During the learning collaborative, co-presenter Lois Wessel, FNP, DNP, noted that a disaster can be environmental, such as a hurricane, tornado, or snowstorm, or it can be a public health disaster, like COVID-19. Disasters can be slow moving, taking place over several weeks, such as a heatwave or severe cold snap, or immediate, like a tornado. Indeed, disasters can be both immediate and slow -- a wildfire might prompt urgent evacuations, and then continue to burn for weeks. Many are influenced by climate change but not all. All disasters have one thing in common: disruption.

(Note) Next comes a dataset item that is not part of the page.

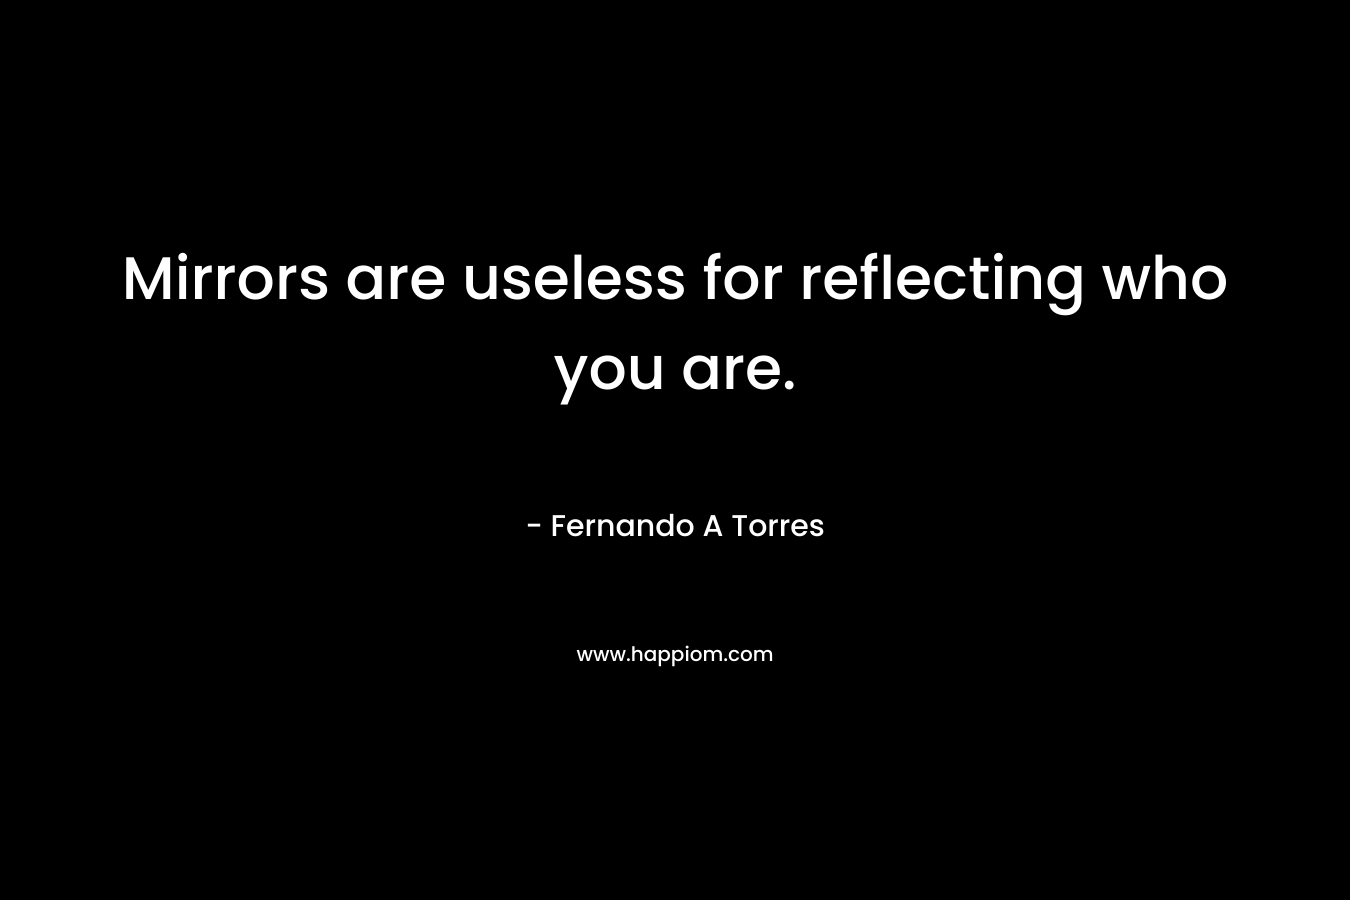 Mirrors are useless for reflecting who you are.

“The critical component is how the disaster affects the social structures we rely on to be able to do the basics to stay safe and healthy,” Wessel said. When transportation is disrupted or air quality drastically impaired, patients may not be able to get to the health center or to the pharmacy for insulin, or to a market that would have the right foods for a person with diabetes. When power is shut off, either disrupted by a disaster or turned off in the case of rolling blackouts, insulin may not be sufficiently chilled, or food may spoil. Credit cards won’t be accepted at grocery stores, if they are open at all during an outage. In all these situations, “the goal is to make sure that an ecological disaster doesn’t become a health disaster,” Wessel concluded.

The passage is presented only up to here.